> Required work
Print out the data that follows exactly, character for character, apart from the pictures.

> Provided entries
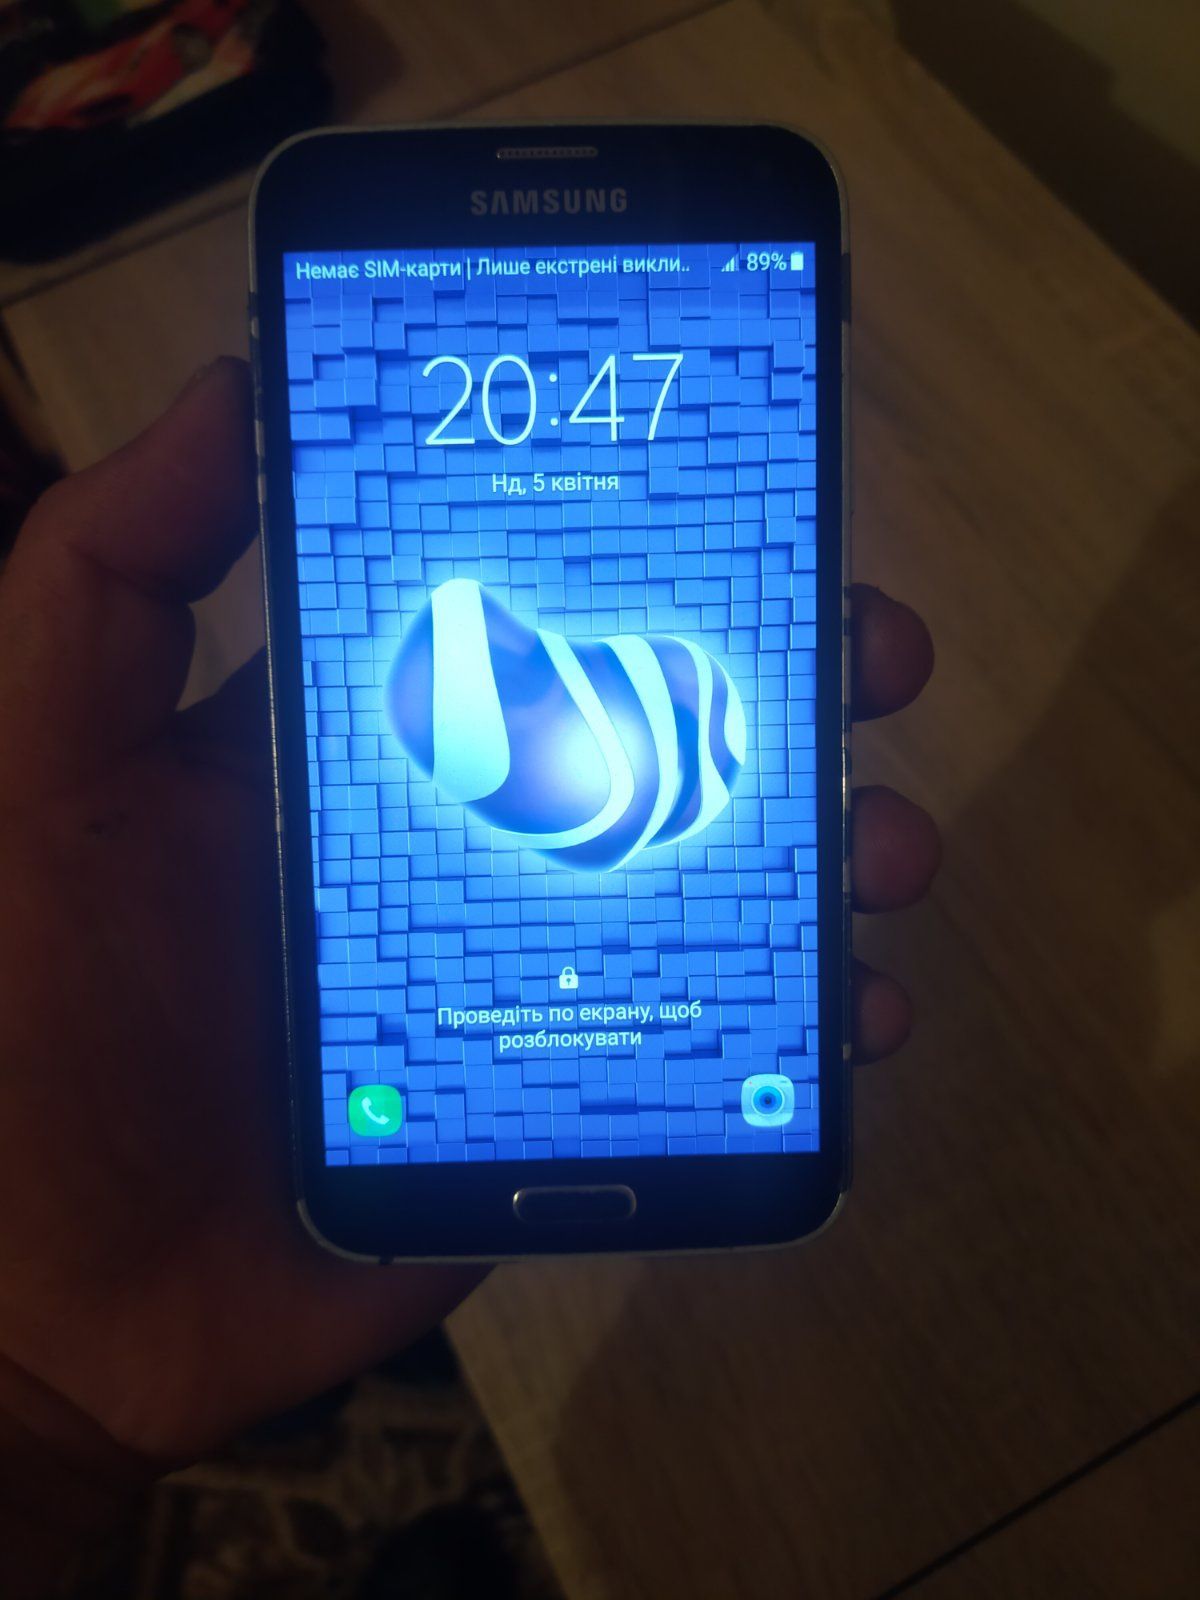 Смартфон Samsung galaxy S5 neo 2/16 gb.
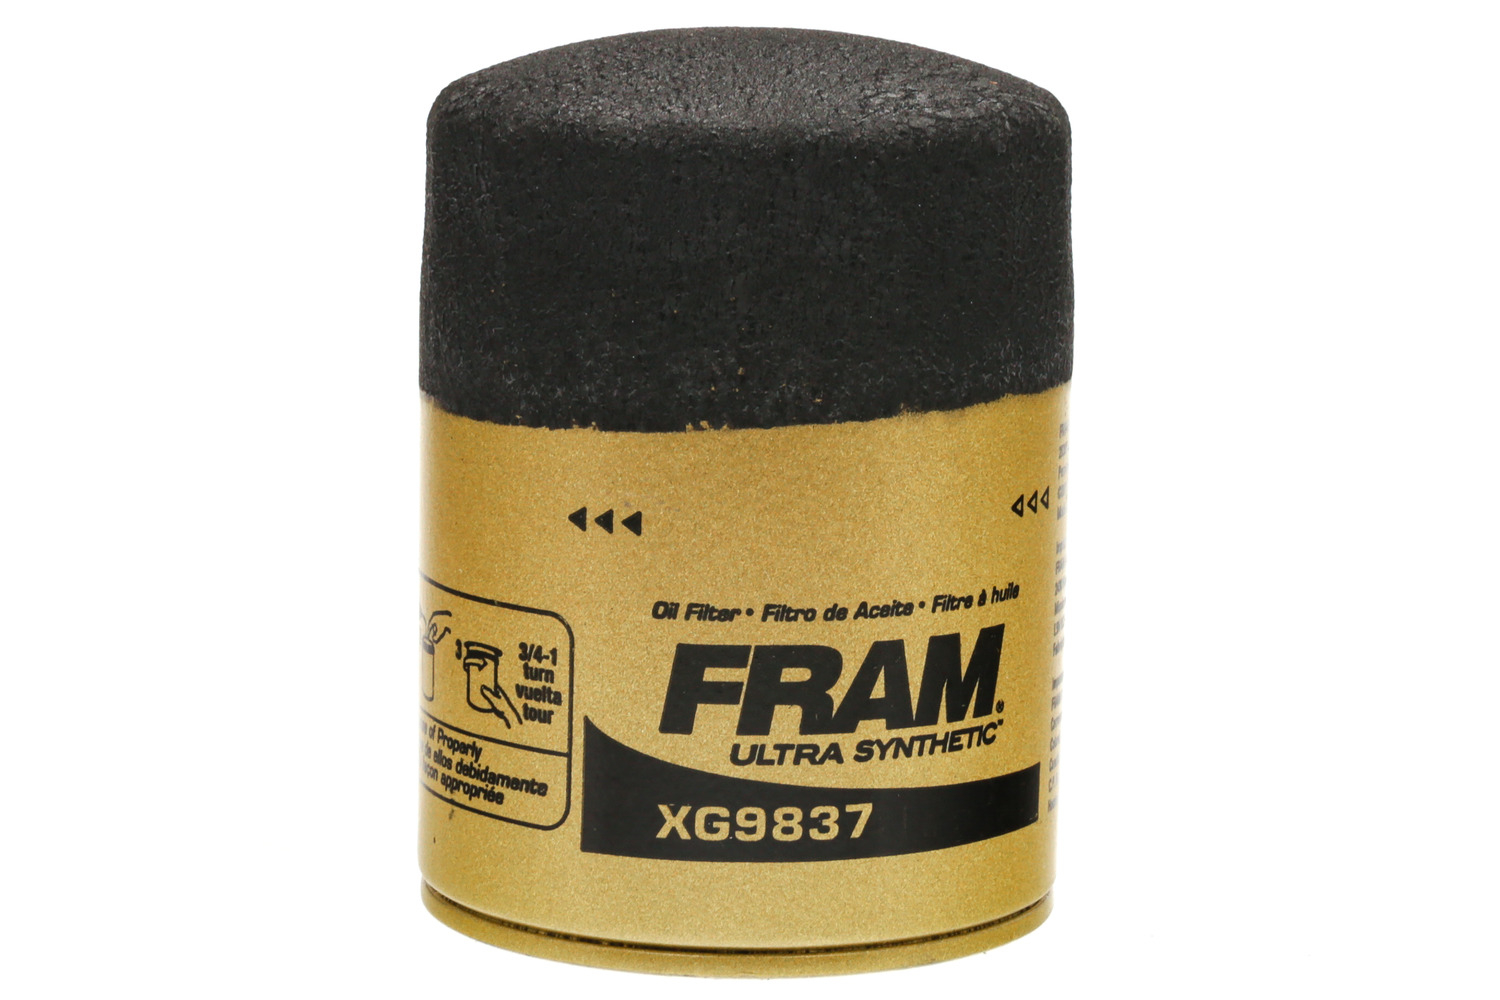 FRAM ULTRA - Ultra Synthetic Engine Oil Filter - FP4 XG9837
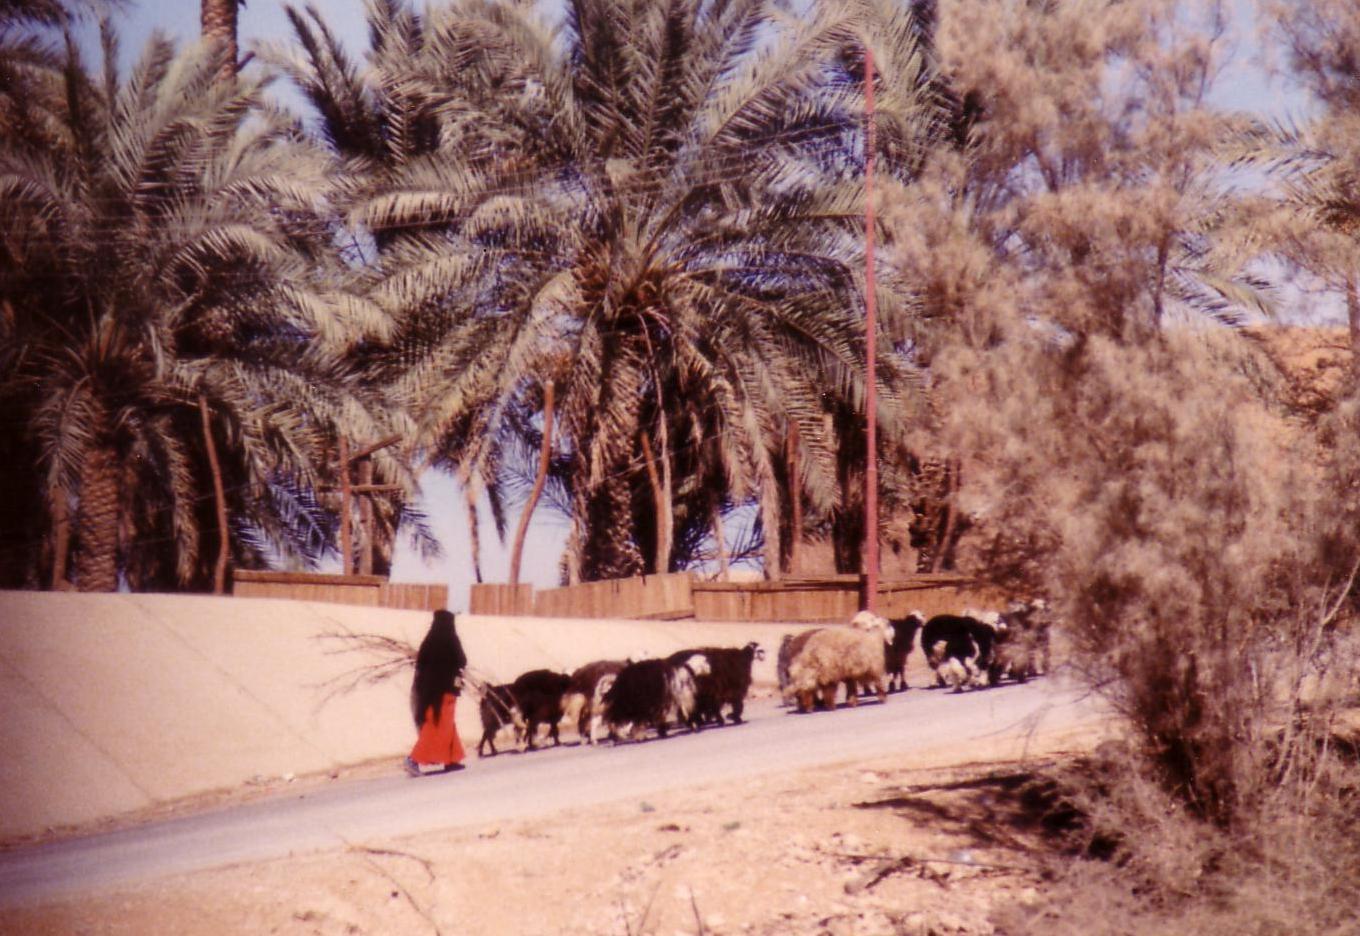 Shepherdess in Wadi Hanifa
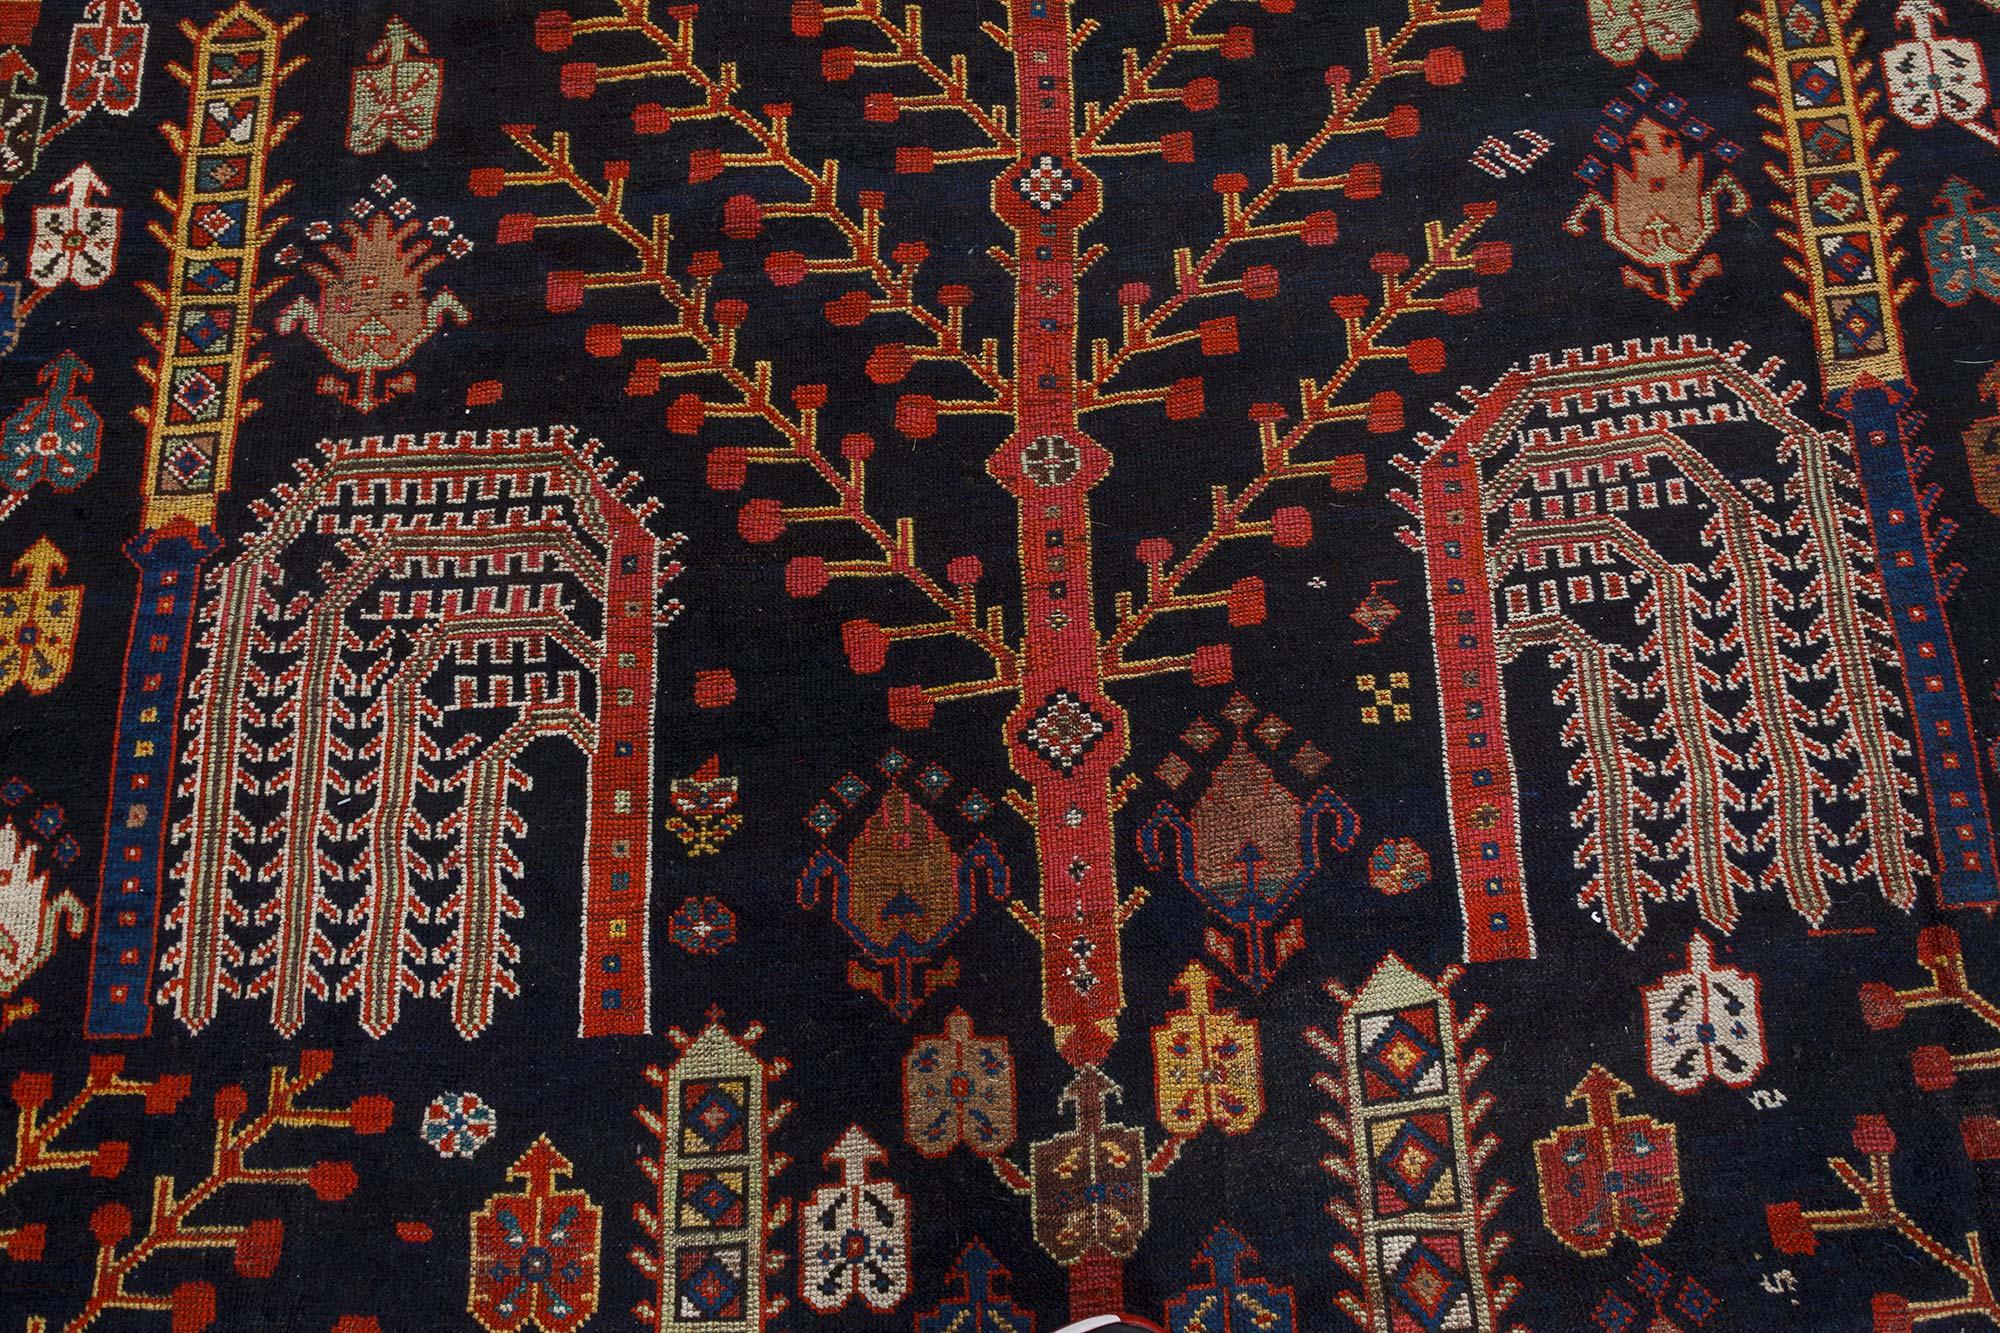 Authentic Persian Bakhtiari red handmade wool rug
Size: 12'0

> Exercise result
 Смартфон Samsung galaxy S5 neo 2/16 gb.
 FRAM ULTRA - Ultra Synthetic Engine Oil Filter - FP4 XG9837
 Shepherdess in Wadi Hanifa
 Authentic Persian Bakhtiari red handmade wool rug
Size: 12'0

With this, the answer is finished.